22 passed, 1 failed, 1 flaky (8.4s)
Dashboard: https://app.testdino.com/runs/run-abc123
Results stream in real time. You see failures as they happen, not after the suite finishes. The TestDino dashboard gives you error grouping (50 duplicate failures shown as 1 pattern), the embedded trace viewer (no downloading zip files), and flaky test detection with run-over-run confidence scores.
For CI:
- name: Upload to TestDino
if: always()
run: npx tdpw upload ./playwright-report --token="${{ secrets.TESTDINO_TOKEN }}" --upload-html
Every Playwright CLI flag works unchanged with tdpw.
Fix flaky tests: TestDino MCP + Cursor Healer
Playwright 1.56 introduced the Healer agent, which repairs failing tests. Its blind spot: it only sees the current UI state , not whether a test has been failing intermittently for 3 weeks or only on WebKit. TestDino MCP fills that gap.
Add TestDino MCP to .cursor/mcp.json:
{
"mcpServers": {
"playwright": { "command": "npx", "args": ["@playwright/mcp@latest"] },
"TestDino": {
"command": "npx",
"args": ["-y", "testdino-mcp"],
"env": { "TESTDINO_PAT": "your-token-here" }
}
}
}
The loop:
1. CI reports a failure. TestDino classifies it: "Flaky, 85% confidence"
2. In Cursor:
"Using TestDino MCP, show me the last 20 runs of payment-form.spec.ts.
Failure rate, which browsers, and the recurring error."
3. TestDino MCP returns:
"Fails on WebKit 6/20 runs. Error: element not visible.
Payment form slide-in animation timing."
4. Feed to Healer:
"Fix payment-form.spec.ts. Flaky on WebKit , payment form
animation causes element-not-visible. Use Playwright MCP
to inspect WebKit and add the correct wait. No waitForTimeout."
5. Healer opens WebKit, finds the animation, adds
waitFor({ state: 'visible' }), reruns until stable, returns diff.
6. Review. Commit.
Without historical data the Healer guesses. With it, fixes target the actual root cause. More in fixing flaky tests with Playwright MCP.

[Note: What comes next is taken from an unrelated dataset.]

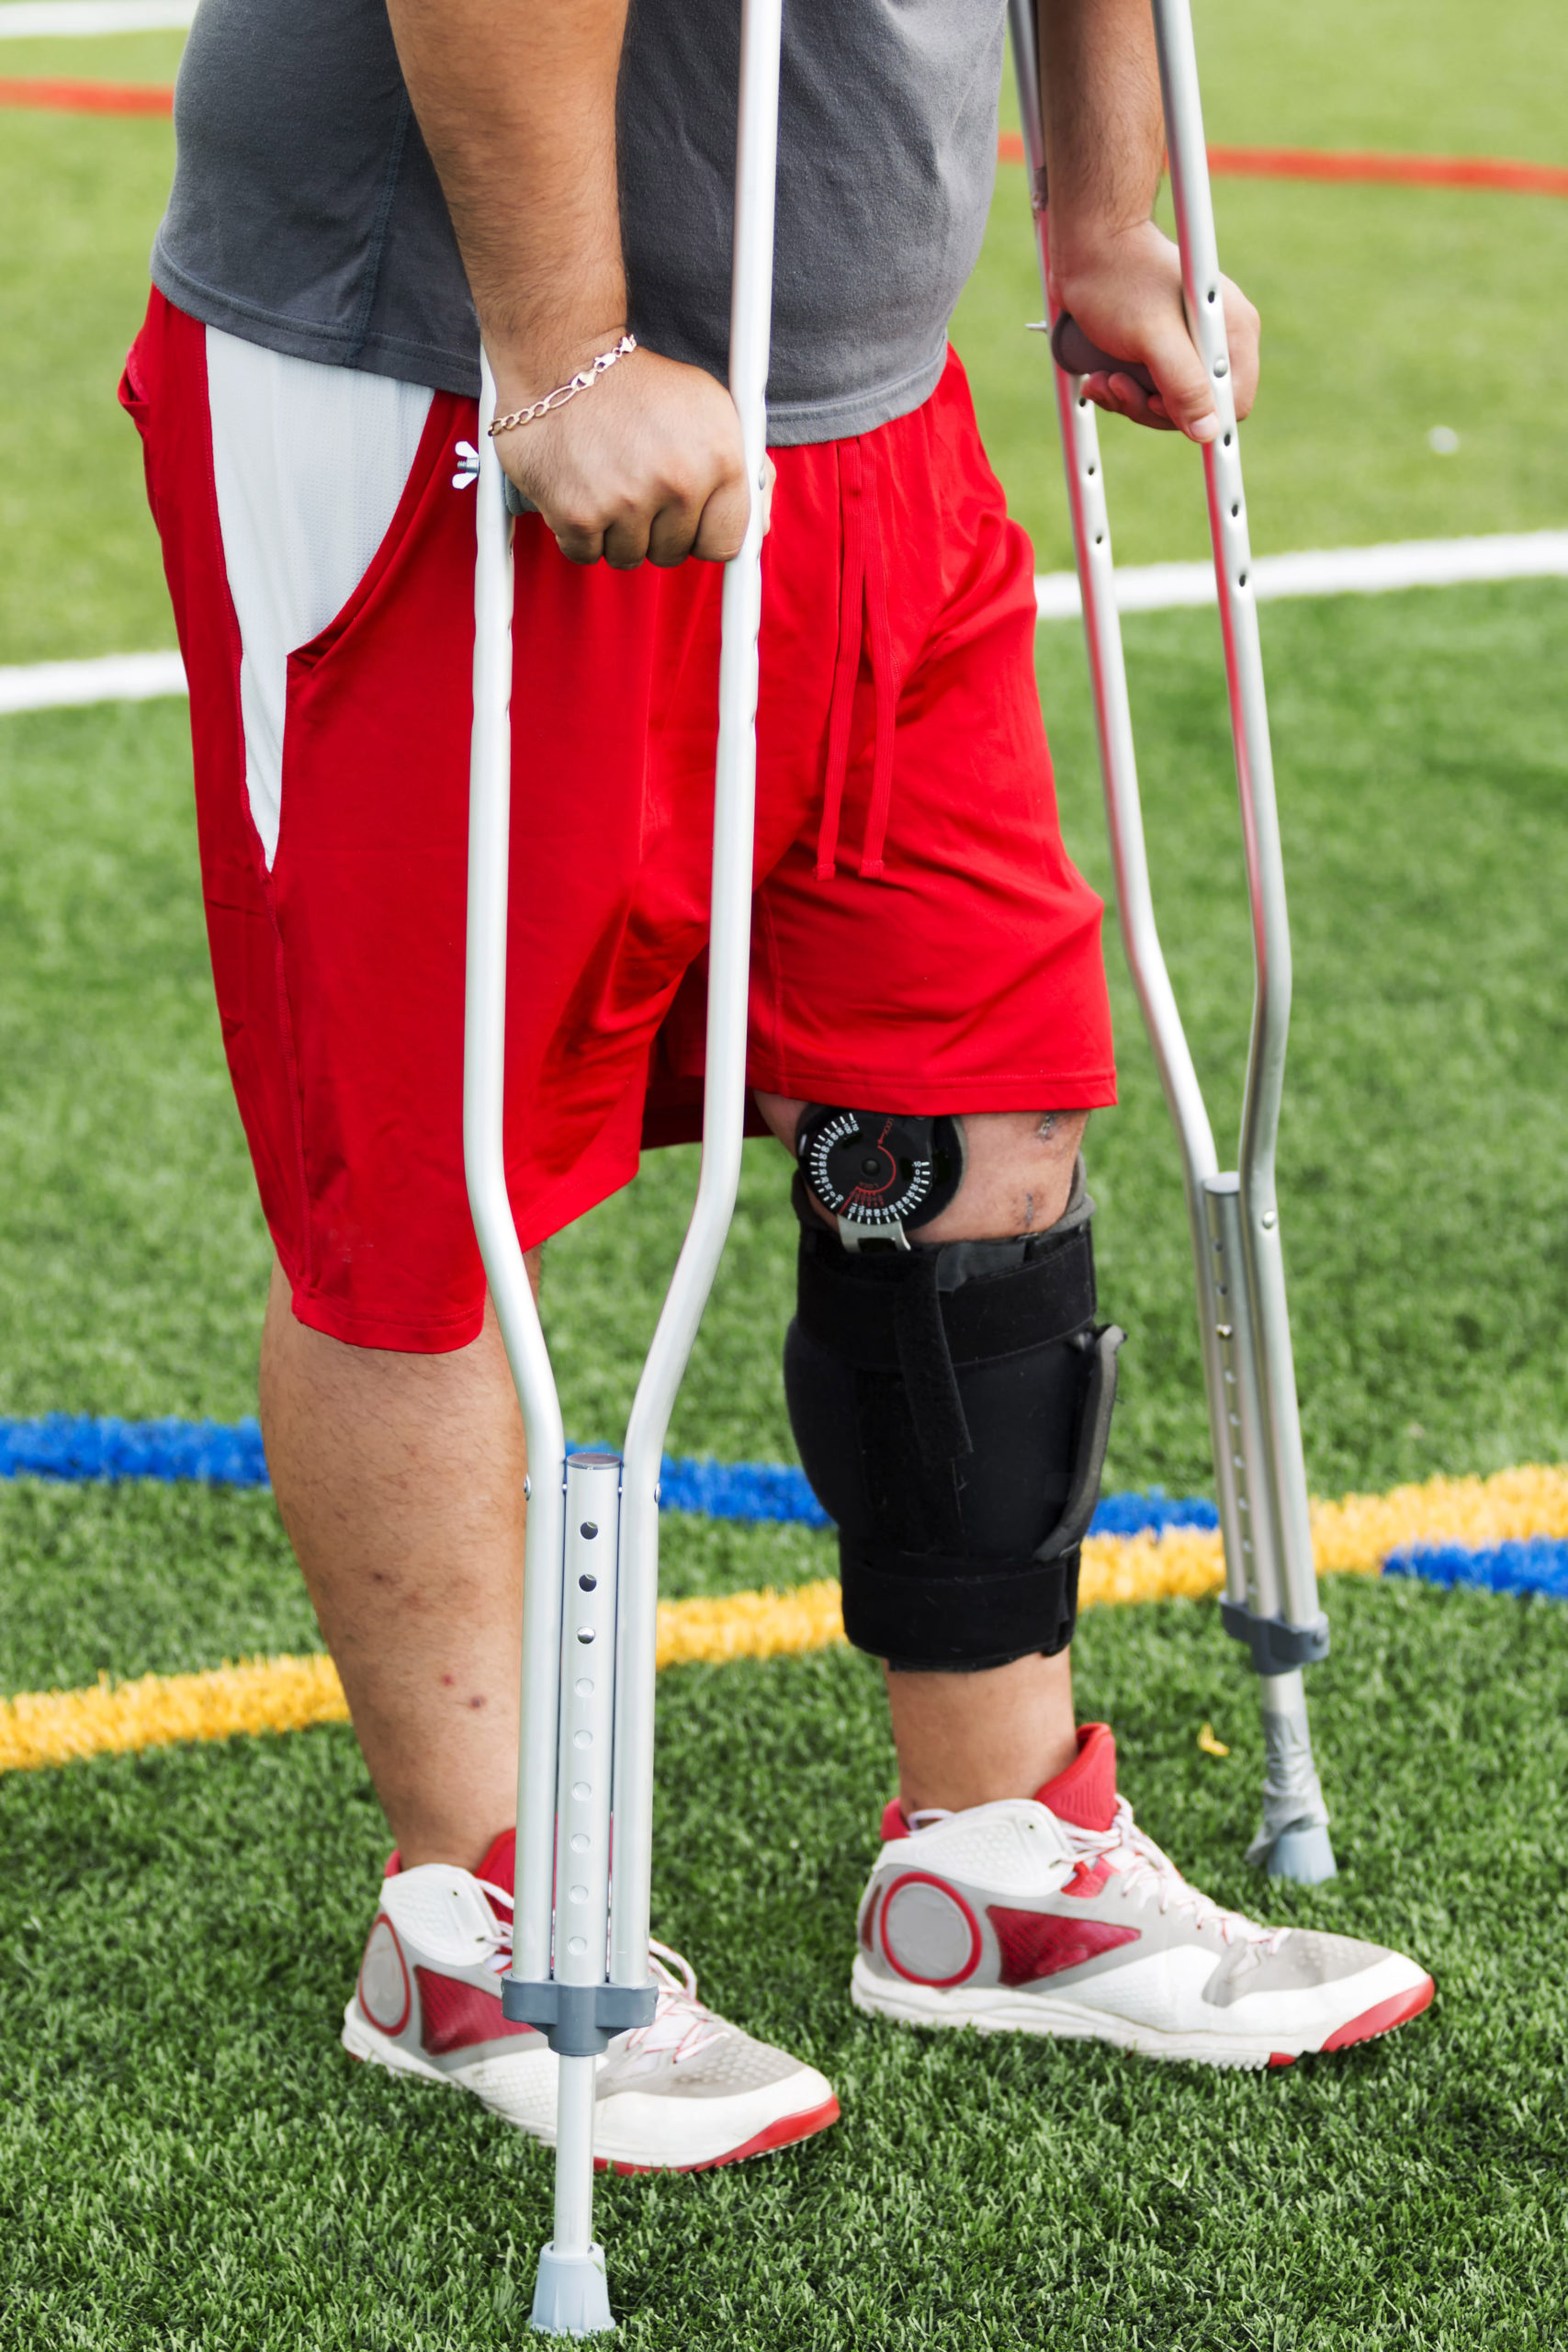 Injured male athlete on the sidelines wearing a knee brace and crutches.

Cursor vs Claude Code vs Copilot vs Windsurf
| Feature | Cursor | Claude Code | GitHub Copilot | Windsurf |
|---|---|---|---|---|
| Playwright MCP | Yes, native | Yes, deep per-agent | Yes, via VS Code | Yes, marketplace |
| Multi-model | Yes | Anthropic only | OpenAI primarily | Limited |
| Rules file | .cursorrules | CLAUDE.md | copilot-instructions.md | Cascade rules |
| Custom commands | .cursor/commands/ | Slash commands | Limited | Limited |
| Tab completion | Yes (Supermaven) | No | Yes | Yes |
| TestDino MCP | Yes | Yes | Via extension | Limited |
| Best for | Interactive IDE, debugging | Terminal, large refactors | Teams already on VS Code | Guided flows |
Claude Code with Playwright is stronger for terminal-driven workflows and large codebases. Copilot works if you're already in VS Code and don't need the MCP browser-control layer.